Her tone was that of a woman trying to persuade herself. Four sons, and this was the fate of the "good" one, the one who had tended to her in his father's absence. Tess was beginning to understand why Mrs. Meyerhoff had crashed the funeral service. One mother had lost a daughter, and it was a tragedy. Mrs. Meyerhoff had lost a son, but that was supposed to be justice. And maybe it was, but didn't that make it only harder to grieve? Tess could see how Mrs. Meyerhoff had become fixated on the ring, for which she was stuck with the payments. The ring was the closest thing she had to a legitimate
grievance.
"Look, if you really want to pursue the thing about the ring — I think you might have some standing. You might not get it back, but if Greer's mother insists on keeping it, there may be some way to make her take over the payments. I have a lawyer friend who owes me a favor. He'd do it pro bono." It felt good, volunteering the services of her aunt's husband, who had never been shy about volunteering her for things.

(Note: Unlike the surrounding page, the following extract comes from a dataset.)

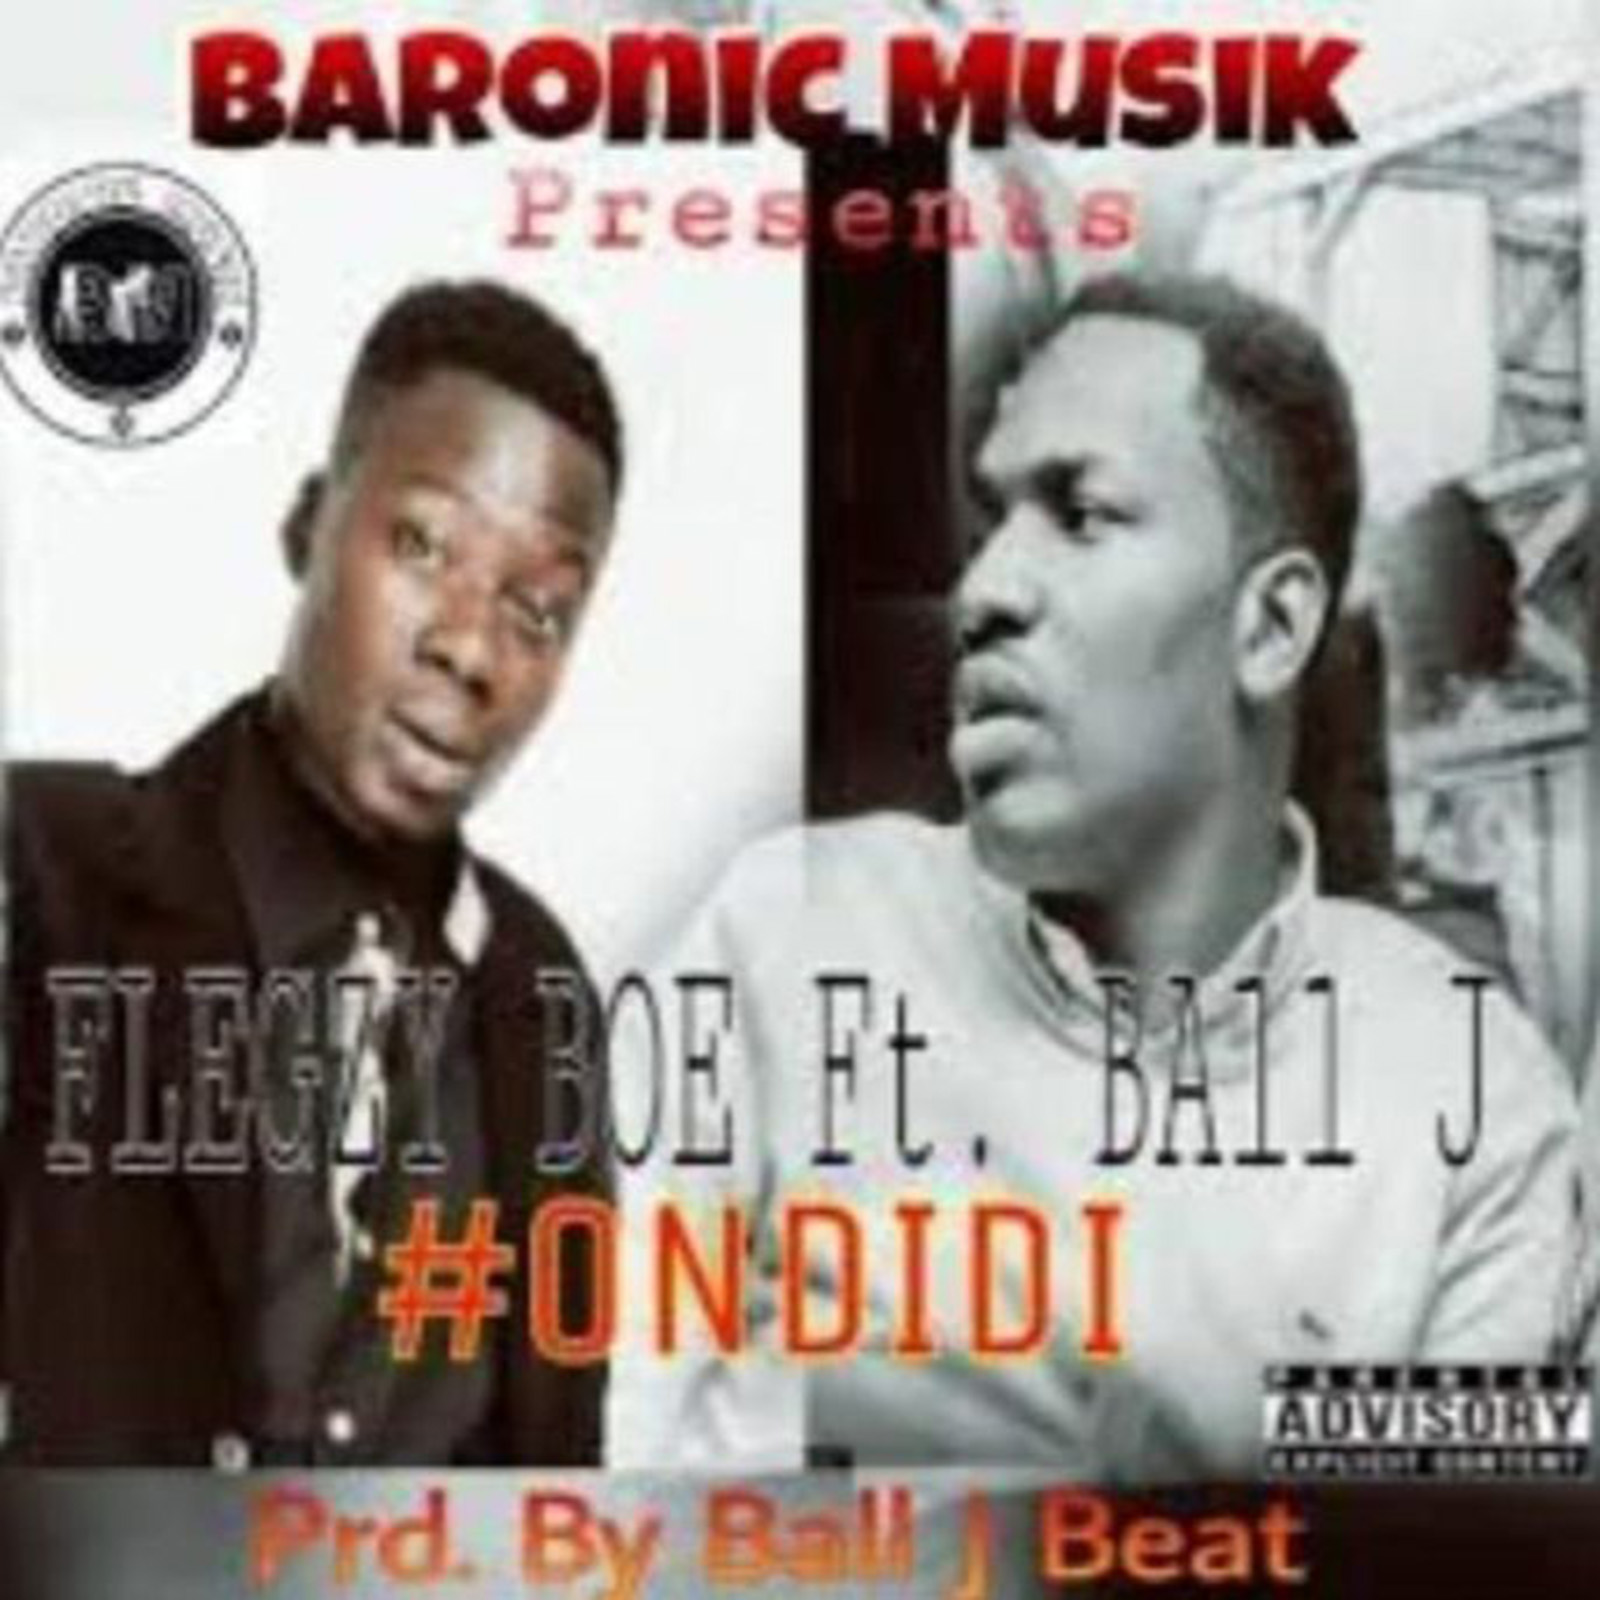 Ondidi by Flegzy Boe feat. Ball J

"It's all mute," Mrs. Meyerhoff said, and Tess needed a second to catch the Bawlmer malaprop. In some ways, the phrase was more elegant than the one Mrs. Meyerhoff actually wanted. All the parties to the dispute had been silenced. "There ain't no ring. It wasn't on Greer's body when they found her. Police say JJ took it. If that's so, where is it?"
"He would have thrown it away," Tess said. "He couldn't hold on to it, much less try to return it or hock it. The ring would have been key to convicting him. And the murder weapon is missing, too, so that's consistent."
"Yeah," Mrs. Meyerhoff said, sighing and exhaling at the same time. "It all fits. And if it were one of my other boys, I'd say, ‘I knew this day was coming.' Do you think my temper is something they inherited? Were my boys doomed to be the way they are because of how I am?"
It was a big question, far too large to be answered in a kitchen on Delaware Avenue, over grape soda and Hydrox. Perhaps too large to be answered anywhere, under any circumstances.
Leaving Mrs. Meyerhoff 's house, Tess decided to call Tull.
"Have you closed Greer's murder officially yet?"
"No," he said. "We have to be careful on these things, not rush, even when the outcome seems likely."